Here, a function \(f\) is polynomial-time computable if there exists a polynomial-time Turing machine \(M\) that, on any input \(w\), halts with \(f(w)\) on its tape.

Definition: NP-Completeness

A language \(B\) is NP-complete if it satisfies the following two conditions:

  1. \(B\) is in NP.
  2. Every language \(A\) in NP is polynomial-time reducible to \(B\) (i.e., \(A \leq_P B\)).

A language satisfying condition 2 (but not necessarily condition 1) is called NP-hard.

Theorem: Reduction Transfers Tractability

If \(A \leq_P B\) and \(B \in P\), then \(A \in P\). Consequently, if any NP-complete language belongs to P, then \(P = NP\).

Proof.

Part 1. Let \(f\) be a polynomial-time reduction from \(A\) to \(B\), computable by a TM \(M_f\) in time \(O(n^j)\).
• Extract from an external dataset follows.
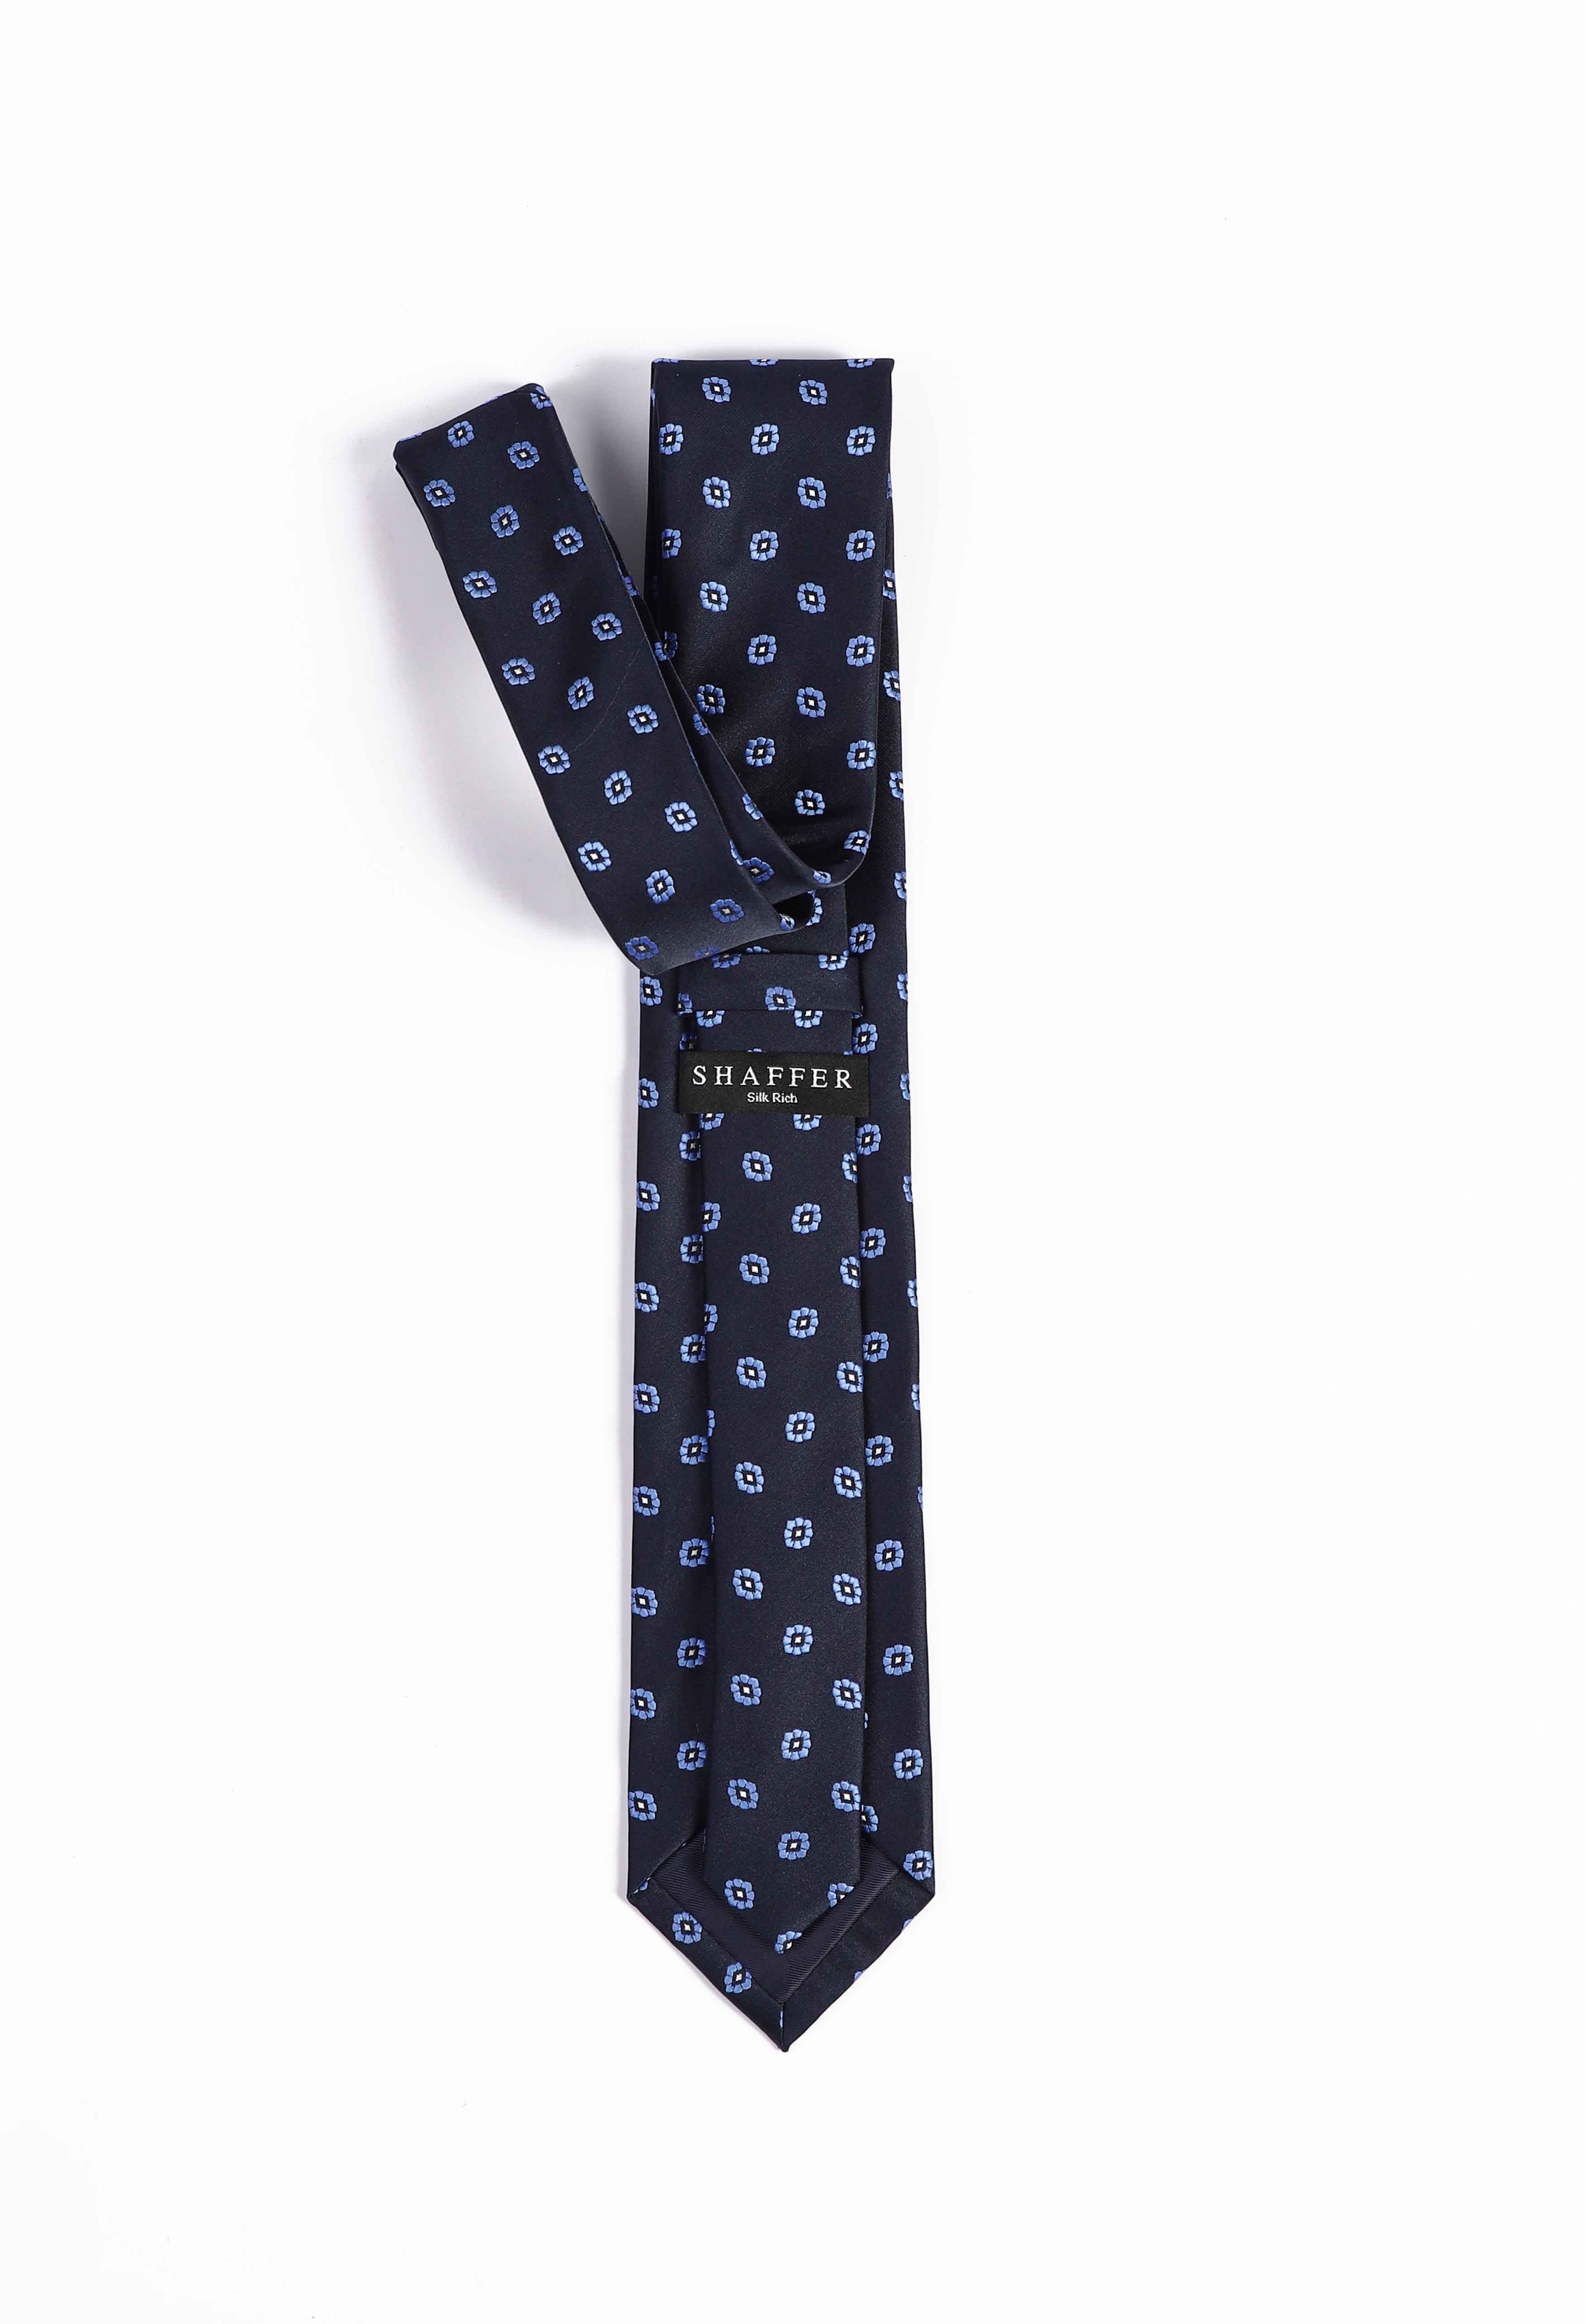 Denim Blue Floral Tie

Let \(M_B\) be a polynomial-time decider for \(B\) running in time \(O(m^k)\) on inputs of length \(m\). Define a decider \(M_A\) for \(A\) that, on input \(w\) of length \(n\):

  1. Computes \(f(w)\) using \(M_f\), in time \(O(n^j)\).
  2. Runs \(M_B\) on \(f(w)\), accepting iff \(M_B\) accepts.

Since \(M_f\) writes at most \(O(n^j)\) symbols, \(|f(w)| = O(n^j)\). Step 2 then runs in time \(O((n^j)^k) = O(n^{jk})\). Total time \(O(n^j + n^{jk}) = O(n^{jk})\), polynomial in \(n\). By \(A \leq_P B\), \(w \in A \Leftrightarrow f(w) \in B\), so \(M_A\) decides \(A\). Hence \(A \in P\).

Part 2. Suppose \(B\) is NP-complete and \(B \in P\). For any \(A \in NP\), condition 2 of NP-completeness gives \(A \leq_P B\); Part 1 then gives \(A \in P\). Hence \(NP \subseteq P\). Combined with \(P \subseteq NP\), we get \(P = NP\). \(\blacksquare\)

To illustrate, we introduce the closely related Traveling Salesperson Problem.

Example: Traveling Salesperson Problem (TSP) — Decision Version

Given a set of cities, the distances between them, and a number \(k\), is there a tour that visits each city exactly once, returns to the starting city, and has total distance \(\leq k\)?

The decision version of TSP is a classical NP-complete problem (proved via reduction from the Hamiltonian cycle problem). The optimization version — which asks for a tour of minimum total weight, rather than testing whether one of weight \(\leq k\) exists — is NP-hard but not NP-complete, because it is not a decision problem and thus does not belong to NP in the formal sense.

Under the widely believed assumption that \(P \neq NP\), the landscape of complexity classes is as follows:

complexity

Aside: Collapse Under \(P = NP\)

If \(P = NP\), the classes P, NP, and NP-complete all collapse to a single class. To see why, let \(A \in P\) be any nontrivial language (so there exist strings \(a^+ \in A\) and \(a^- \notin A\)). For any \(B \in NP = P\), let \(M_B\) be a polynomial-time decider for \(B\). The map \[ f_B(w) = \begin{cases} a^+ & \text{if } M_B \text{ accepts } w, \\ a^- & \text{otherwise} \end{cases} \] is a polynomial-time reduction \(B \leq_P A\). Combined with \(A \in NP\), this makes \(A\) NP-complete. Hence under \(P = NP\): \[ P = NP = \text{NP-complete (modulo trivial cases)}. \]

Math ↔ CS: Living with Intractability

NP-completeness theory has profound practical implications. When an industrial problem in scheduling, routing, network design, or resource allocation is shown to be NP-complete, an exact polynomial-time algorithm is almost certainly out of reach. The response is not to give up but to change the question: practitioners turn to approximation algorithms with provable suboptimality bounds, heuristics such as simulated annealing or genetic algorithms, fixed-parameter tractable solvers for restricted inputs, and SAT/SMT solvers that exploit problem structure despite worst-case exponential behavior. The boundary between P and NP-complete thus does not end engineering — it reshapes it.